572. L'alinéa 3 de l'article 23 de la loi du 12 avril 2000 admet le retrait des décisions implicites d'acceptation illégales pendant
la durée de l'instance au cas où un recours contentieux a été formé. Cette disposition a une portée générale puisqu'elle
s'applique aux décisions implicites d'acceptation rendues publiques ou non (CE Avis 12 oct. 2006, Mme Cavallo, Lebon 426,
AJDA 2006. 2394, concl. Struillou
, JCP 2006. I. 201, obs. Plessix, JCP Adm. 2006. 1277, note Pélissier). Maintenant l'esprit
de la jurisprudence Cachet, cette disposition autorise le retrait pendant une période beaucoup plus longue que ce que prévoit
la jurisprudence Ternon pour les décisions explicites.
573. L'article 23 distingue ensuite les conditions du retrait des décisions implicites d'acceptation créatrices de droits n'ayant
pas été contestées devant le juge. L'alinéa 1 er s'applique à celles d'entre elles qui ont donné lieu à des mesures d'information
des tiers. Leur retrait pour illégalité peut être décidé pendant le délai de recours contentieux. Cela ne remet pas en cause
l'état du droit antérieur, dans la mesure où la jurisprudence Eve ne couvrait que l'hypothèse, certes souvent rencontrée, dans
laquelle la décision implicite d'acceptation n'avait pas fait l'objet de mesures de publication à destination des tiers : le retrait
des décisions implicites d'acceptation publiées obéissait à la jurisprudence Dame Cachet (CE, ass., 1 er juin 1973, Min. de
l'Équipement et du logement c/ Époux Roulin, Lebon 390, AJDA 1973. 478, chron. Cabanes et Léger, AJDA 1973. 492, note Gilli,
JCP 1973. II. 17513, note Liet-Vaux ; CE 31 janv. 1992, SA Réseau téléphonique du Midi, CJEG 1992. 322, concl. Abraham ;
JCP 1973. II. 17513, note Liet-Vaux ; CE 31 janv. 1992, SA Réseau téléphonique du Midi, CJEG 1992. 322, concl. Abraham ;
27 mars 1981, Mme Renaudin, Lebon 599).
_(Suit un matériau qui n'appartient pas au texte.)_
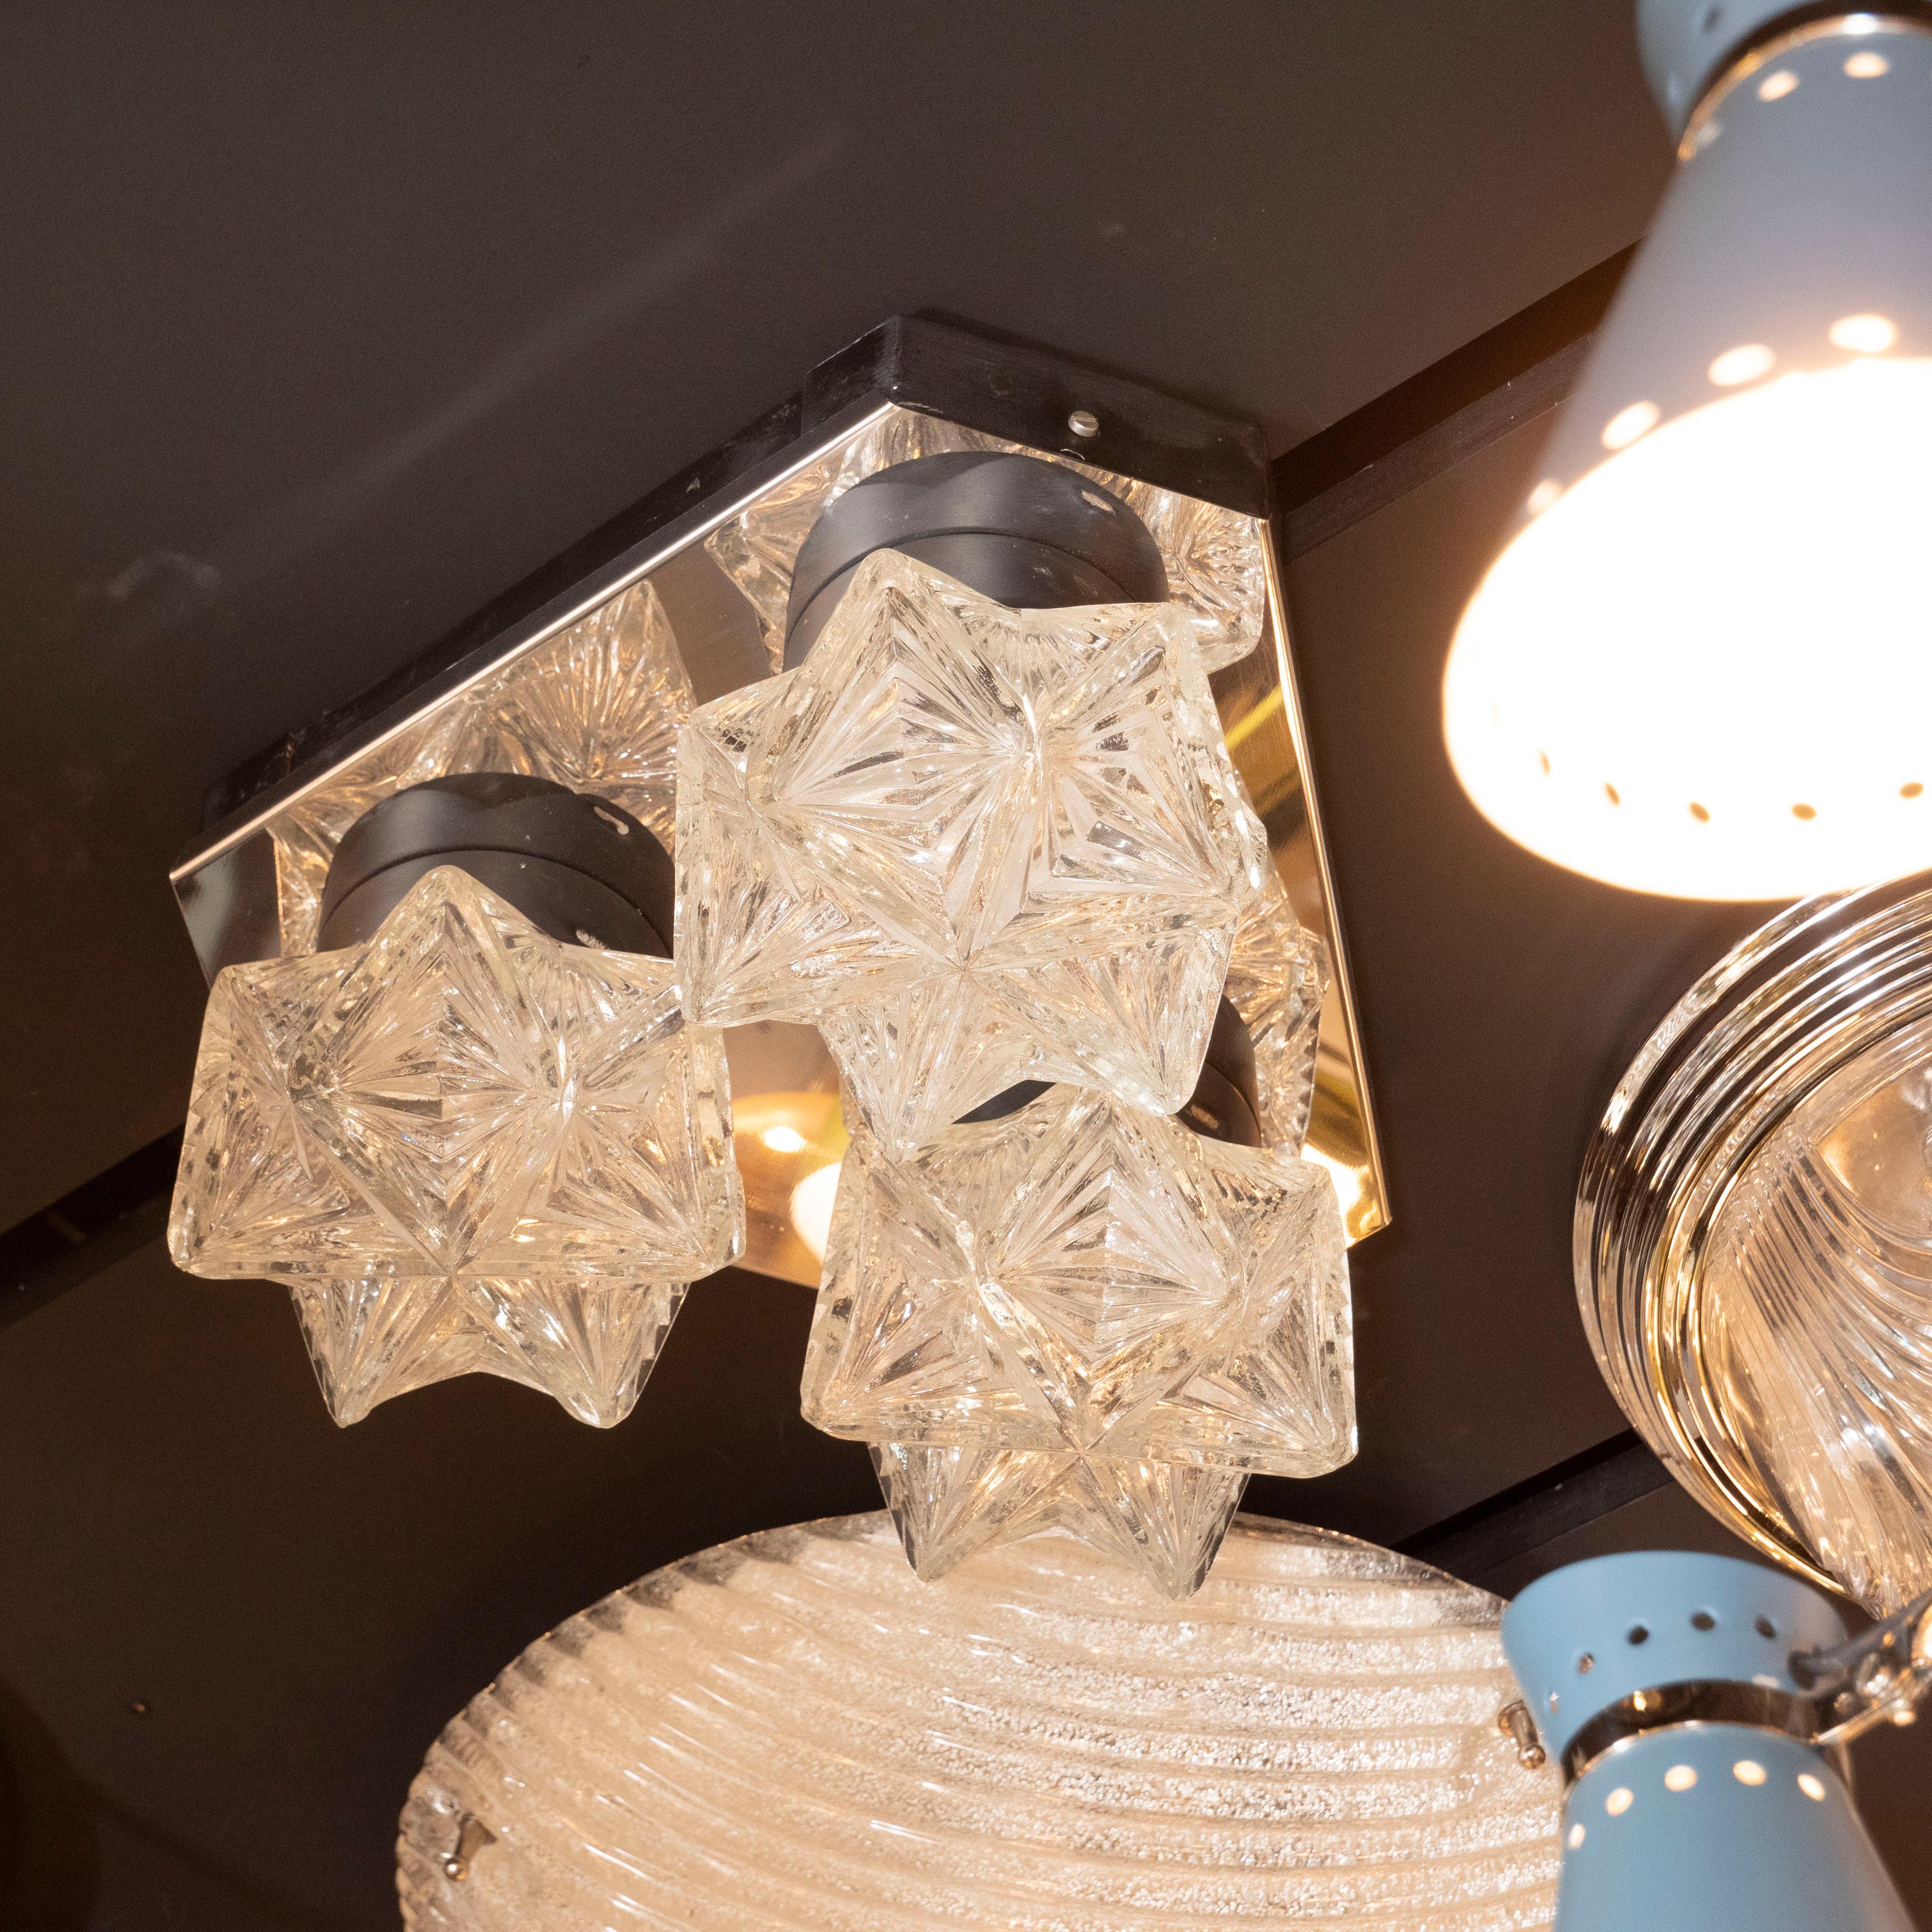 This sculptural flush mount was realized in Germany, circa 1950. It features three hand blown hexagonal translucent faceted glass shades offering an abundance of geometric angular forms in relief. The shades attach to a hexagonal base in polished

Au regard du régime auquel est désormais soumis le retrait des décisions
explicites, la disposition ici en cause de la loi du 12 avril 2000 se singularise par le maintien du lien entre le délai du recours et
celui du retrait pour cette première catégorie de décisions implicites d'acceptation.
574. L'originalité du système législatif institué apparaît à l'égard des autres décisions implicites d'acceptation, qui n'entrent
pas dans le champ des deux alinéas précités. Il s'agit des plus nombreuses, celles qu'aucune mesure d'information n'a porté à
la connaissance des tiers. Alors que la jurisprudence Eve en interdisait le retrait, l'alinéa 2 de l'article 23 le rend désormais
possible pendant le délai de deux mois à compter de la date à laquelle est intervenue la décision. Cette solution, qui détache
le délai de retrait du délai de recours et institue un délai de retrait « standard » calculé à compter de l'édiction de la décision
en cause, semble avoir inspiré le juge administratif lorsqu'il a, peu après, élaboré le système de l'arrêt Ternon.